The electron moves under the combined action of its own uniform velocity (u) along X-axis and uniformly accelerated velocity along Y-axis due to the field.
At any time t, suppose the electron is at P(x,y).
Using
s = ut + \(\frac{1}{2}\) at²    
∴ x = ut    ...................(2)
and y = \(\frac{1}{2}\) at²     .................(3)
from eqn. (2), t = \(\frac{x}{u}\)

Putting in eqn. (3), we get
y = \(\frac{1}{2} a \cdot \frac{x^2}{u^2}\)
y = \(\frac{1}{2}\left(\frac{e \mathbf{E}}{m}\right) \cdot \frac{x^2}{u^2}\)
Clearly y ∝ x²
Thus, the path of charged particle is parabolic in nature.

Question 11.
Define electric flux density and electric flux. Give relation between them in different cases.
Answer:
Electric flux density. The number of electric lines of force passing normally per unit area about any point, is called electric flux density about that point. It is also called electric intensity. It is a vector quantity represented by \(\overrightarrow{\mathrm{E}}\). Its units is NC^-1.

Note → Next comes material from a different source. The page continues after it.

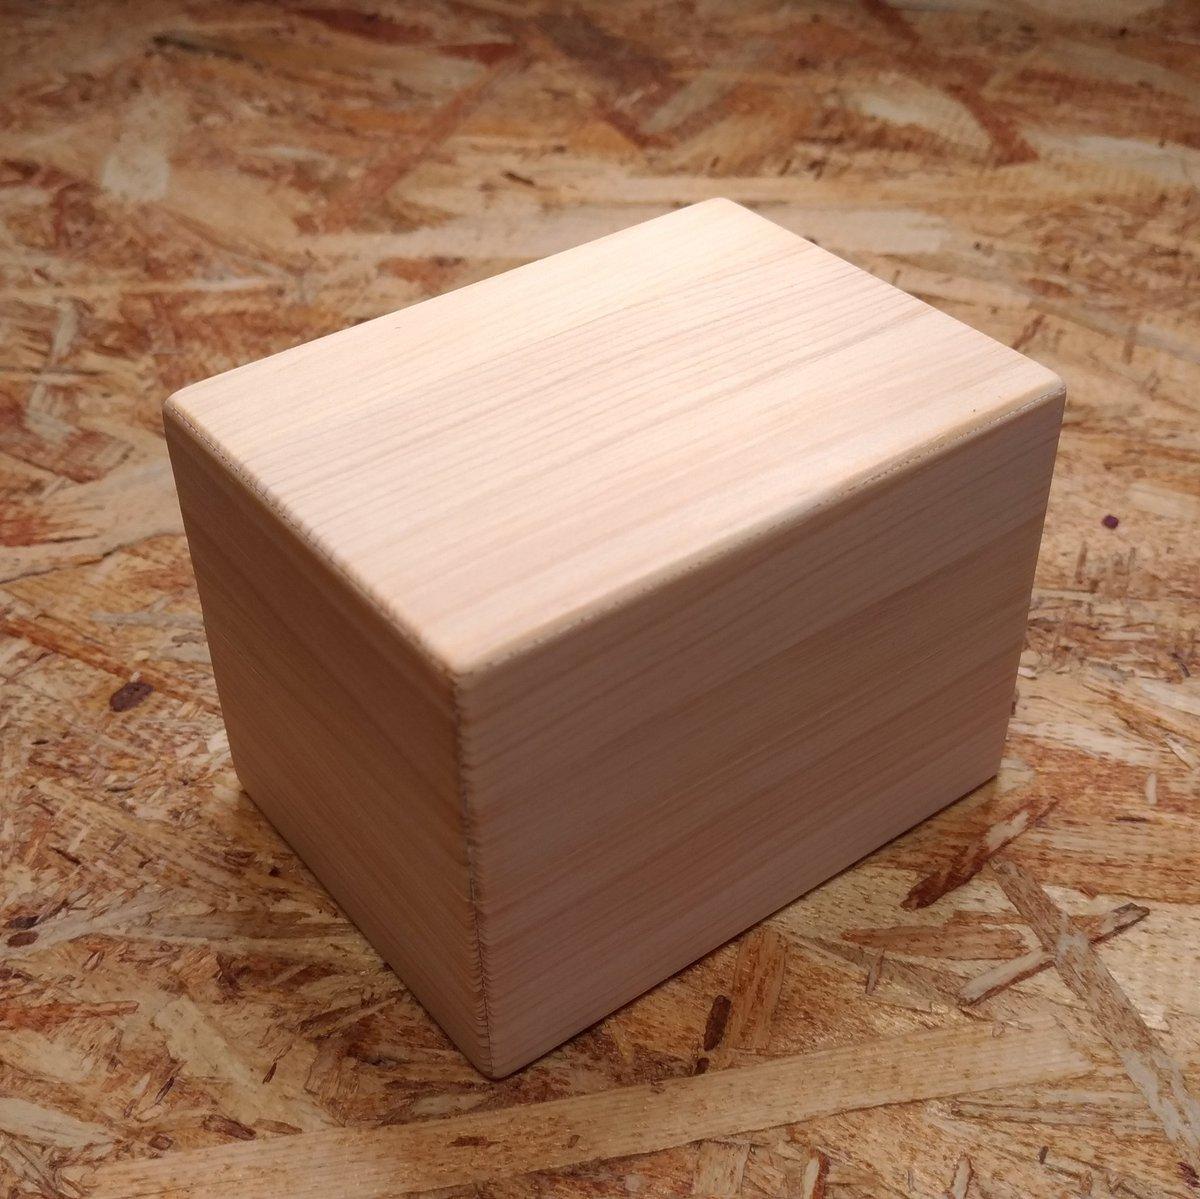 木彫り作家なので木片を渡してプロポーズしました。

Electric Flux. The surface integral of electric field over a surface is called electric flux linked with the surface. Thus total numbers of electric lines of force passing through a surface in a direction normal to the surface when the surface is placed inside an electric field is called electric flux. It is denoted by Φ.

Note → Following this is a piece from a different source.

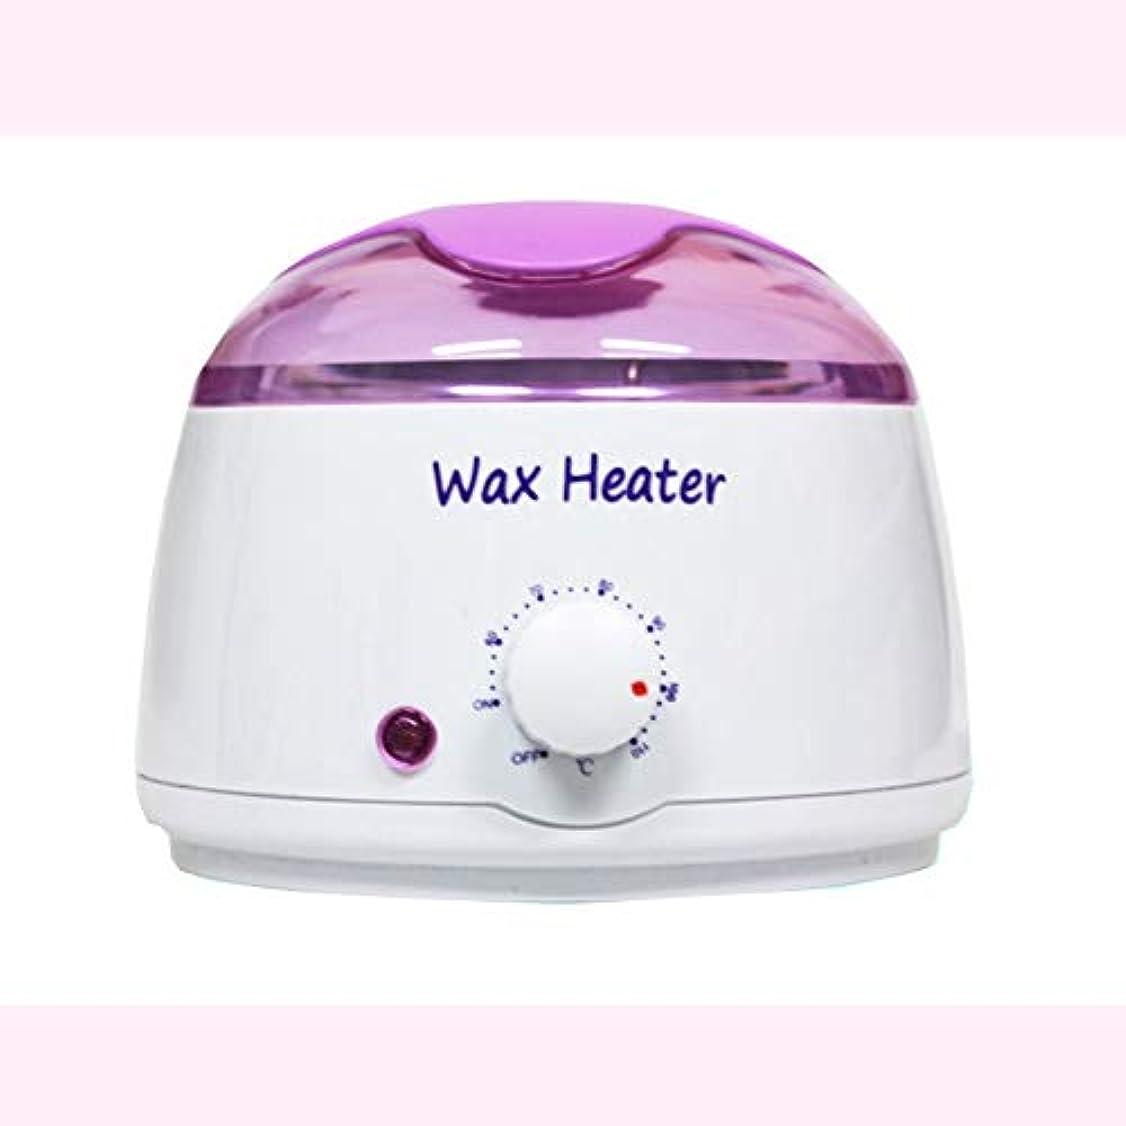 見る魂シンプルさ専門の電気ワックスのウォーマーおよびヒーター、女性/人のための毛の取り外しの家のワックスのためのワックスのメルターは小型多機能のワックス機械を熱します

Consider a small area element d \(\overrightarrow{\mathrm{S}}\) of a closed surface S. Let \(\overrightarrow{\mathrm{E}}\) be electric field at area element. Thus, electric flux through area.element is \(d \overrightarrow{\mathrm{s}}\) given by
dΦ = \(\overrightarrow{\mathrm{E}}.d \overrightarrow{\mathrm{S}}\)
(where area vector \(d \overrightarrow{\mathrm{s}}\) is a vector whose magnitude represents the area of the element and direction is normal to the element)
If θ is the angle between the direction of area element and the electric field, then,
dΦ = E dS cos θ = (E cos θ) dS
Now, E cos θ is normal component of the electric field (component of the electric field along normal to area element) and is denoted by En.

Therefore,
dΦ = \(\overrightarrow{\mathrm{E}} \cdot \overrightarrow{d \mathrm{~S}}\)
Total electric flux lined with a surface S is given by
Φ = ∫\(\overrightarrow{\mathrm{E}} \cdot \overrightarrow{d \mathrm{~S}}\)
If the surface S is closed. then total electric flux linked with the closed surface is given by
Φ = \(\oint \overrightarrow{\mathrm{E}} \cdot d \overrightarrow{\mathrm{S}}\)

Question 12.
State and prove Gauss’s theorem. What is its importance?
Answer:
Gauss’s Theorem
It states that the total electric flux through a closed surface enclosing a charge is equal to \(\frac{1}{\varepsilon_0}\) times the magnitude of the charge enclosed.
Here, ε₀ is permittivity of the free space. It may be pointed out the Gauss’s theorem is true for closed surface of any shape. Such a surface enclosing the charge is called gaussian surface.
Consider any closed surface S enclosing a charge q (Fig.). Consider an area element \(d \overrightarrow{\mathrm{s}}\) of the surface S such that its distance from the charge is r. If \(\overrightarrow{\mathrm{E}}\) is electric field at area element, then electric flux passing through the area element is given by
dΦ = \(\overrightarrow{\mathrm{E}} \cdot \overrightarrow{d \mathrm{~S}}\)
The total electric flux through the surface S is given by
Φ = \(\oint_{\mathrm{S}} \overrightarrow{\mathrm{E}} \cdot d \vec{S}\)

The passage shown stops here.